Kay McNulty …


As part of a secret World War Two project, six young women programmed the first all-electronic programmable computer, ENIAC, Electronic Numerical Integrator And Computer. It was designed and used to calculate artillery firing tables for the United States Army and its first programs included a study of the feasibility of the hydrogen bomb. When the project was introduced to the public, as a “Giant Brian” in 1946, the women were not credited for their work. The primary programmers were Kay McNulty, Betty Jennings, Betty Snyder, Marlyn Wescoff, Fran Bilas and Ruth Lichterman. They not only determined how to input ENIAC programs, but even debugged problems by crawling inside the massive structure to find bad joints and bad tubes!

Kay McNulty was born in County Donegal. Her father was an Irish Republican Army training officer who was imprisoned in Derry Jail for two years. On his release, the family emigrated to the United States and settled in Pennsylvania. After graduating high school she studied mathematics and graduated with a degree in mathematics, one of only a few mathematics majors out of a class of 92 women. During World War II, the US Army was hiring women to calculate bullet and missile trajectories for the US Army and, after graduating, she joined the The Ballistic Research Laboratory.

She was joined by Fran Bilas, a maths and physics graduate who Kay knew from college.

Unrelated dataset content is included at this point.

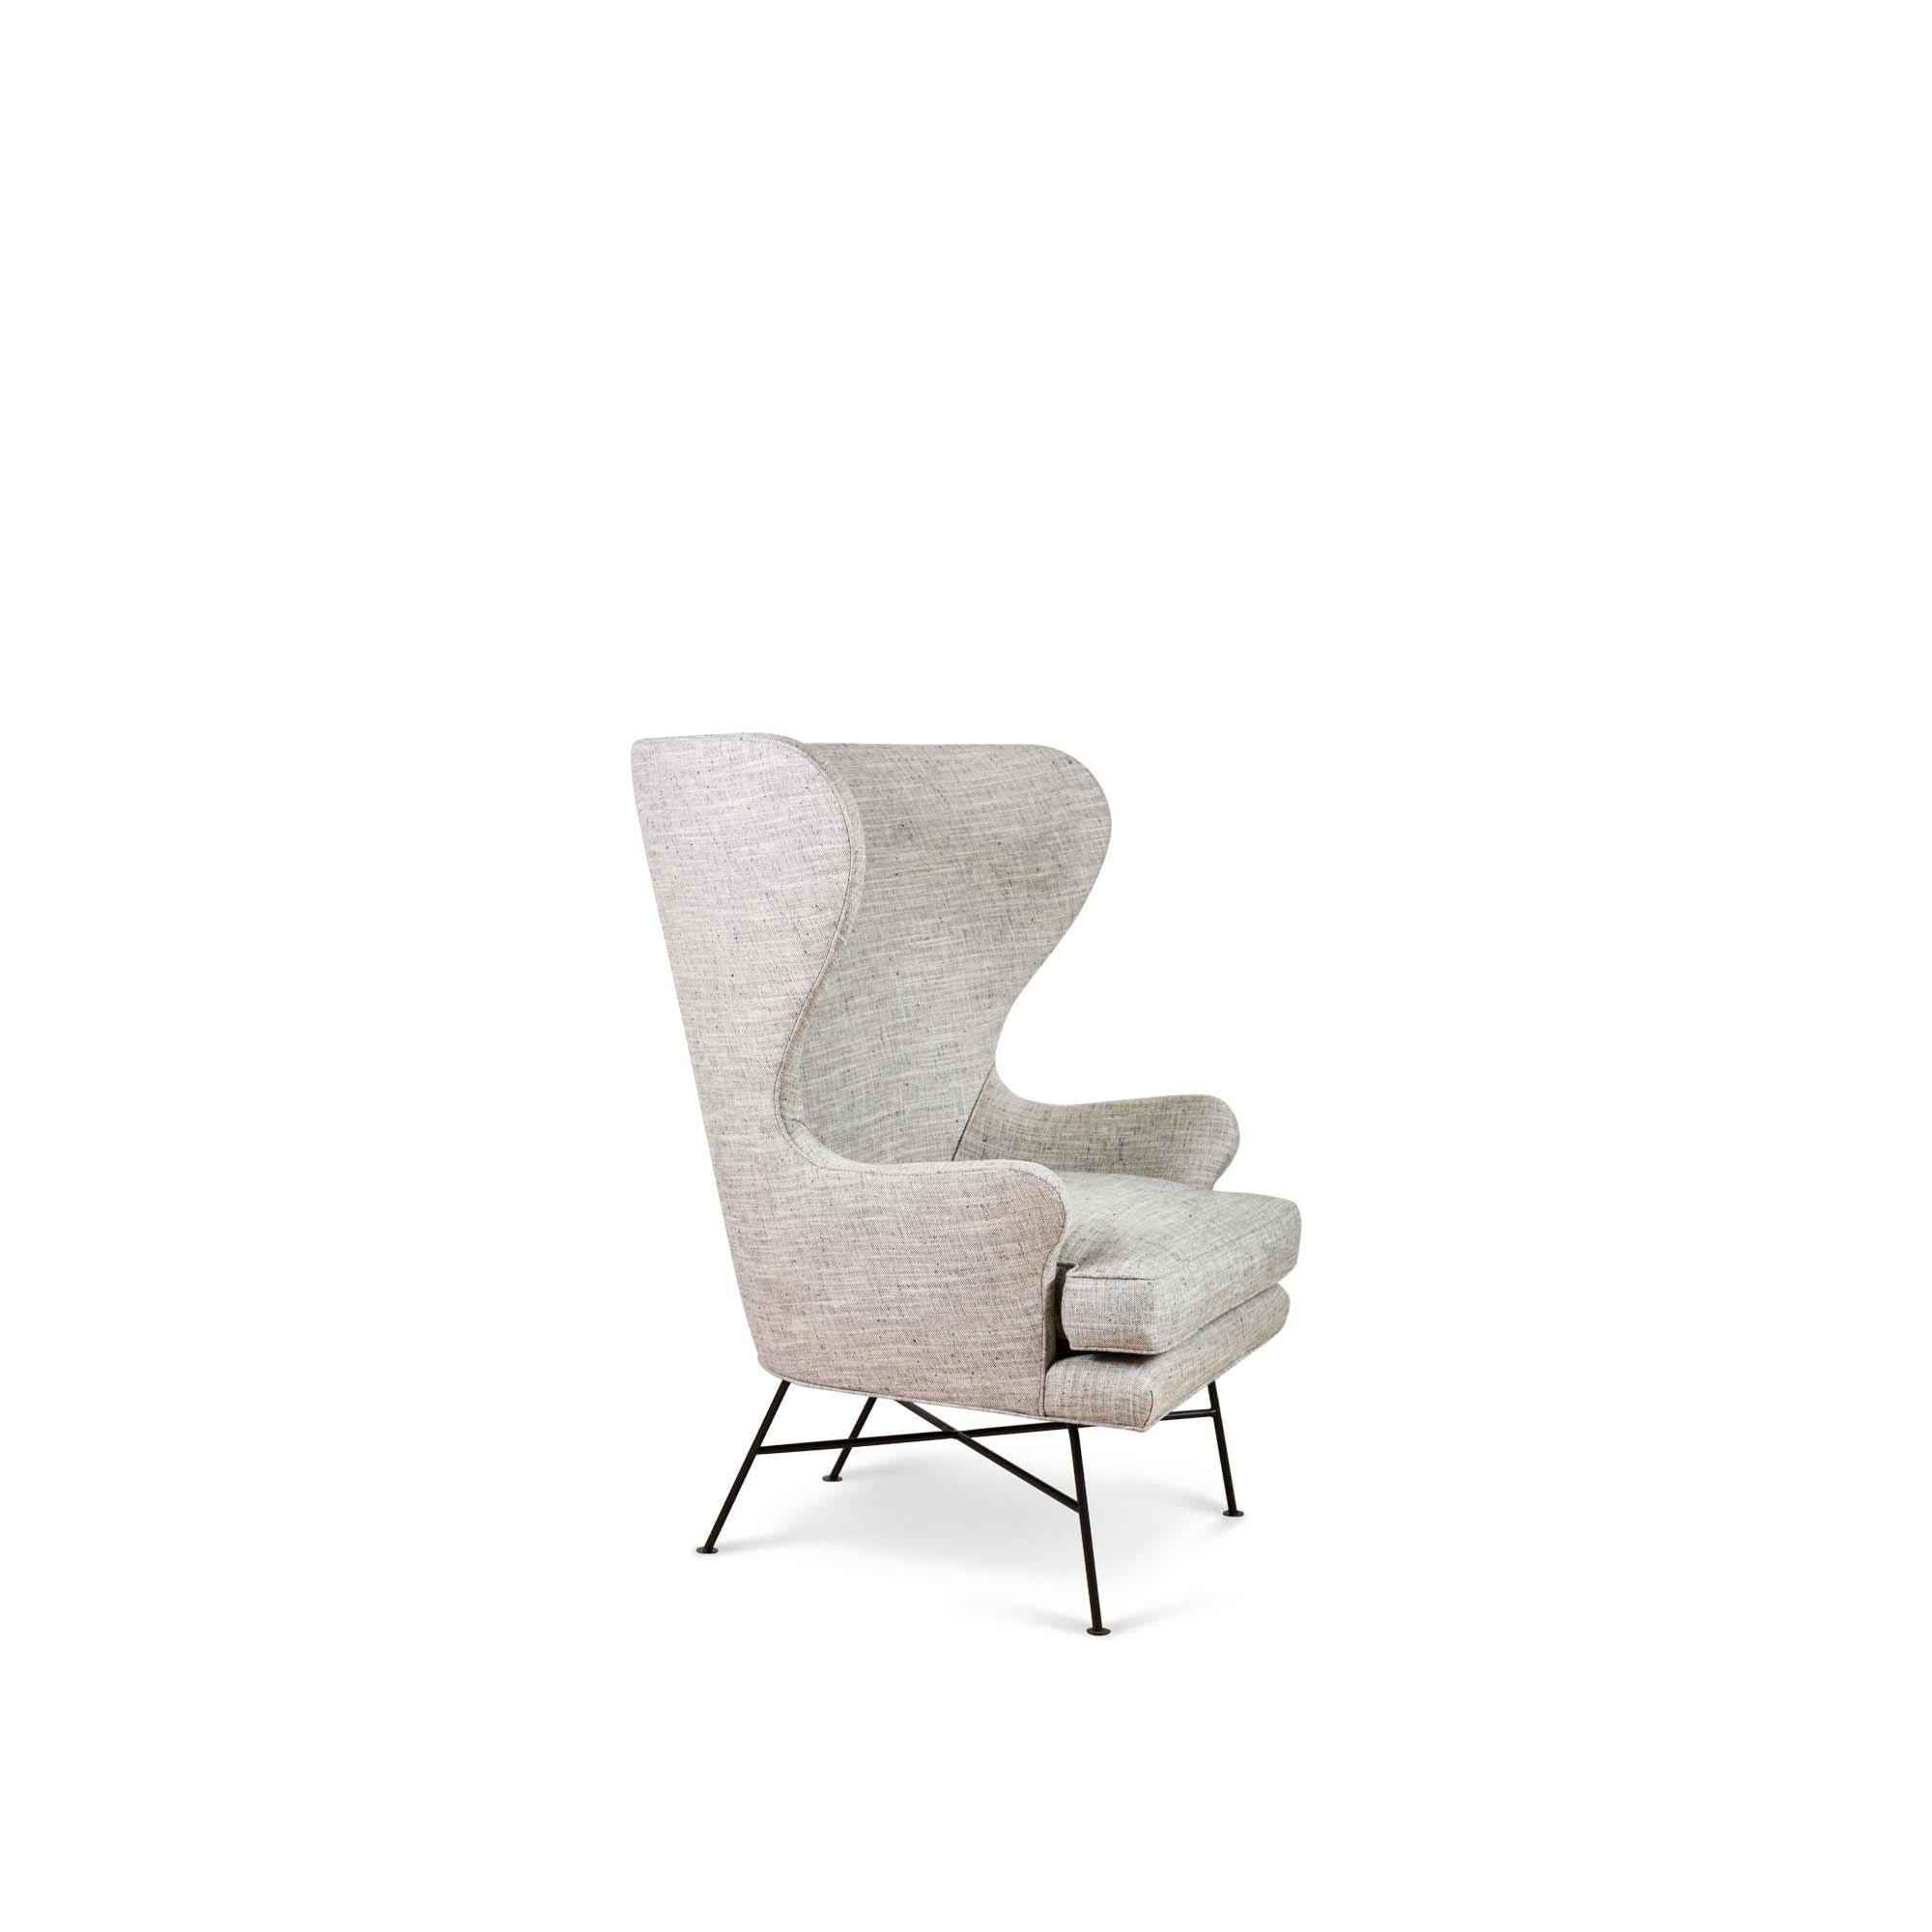 The highland wingback chair is a sculptural, wide-scale chair with a minimal metal base and down-wrapped seat cushion.

The Lawson-Fenning Collection is designed and handmade in Los Angeles, California. Reach out to discover what options are

When the War ended, both Fran and Kay continued working on the ENIAC project where they collaborated with other leading mathematicians.

Betty Jennings was born in Missouri and attended Northwest Missouri State Teachers College, majoring in mathematics as the only math major from her college. Betty became part of a group charged with converting the ENIAC into a stored program computer. When the war ended she went on to work with the ENIAC designers and helped them develop the BINAC and UNIVAC I computers.

Betty Snyder was born in Philadelphia. On her first day of classes at the University of Pennsylvania, her maths professor asked her if she wouldn’t be better off at home raising children. Betty decided to study journalism, one of the few fields open to women as a career in the 1940s. During WW2 Betty was hired by the Moore School of Engineering to work as a computor, and was soon chosen to be one of the six women to program the ENIAC. After the war she helped to develop the UNIVAC computer.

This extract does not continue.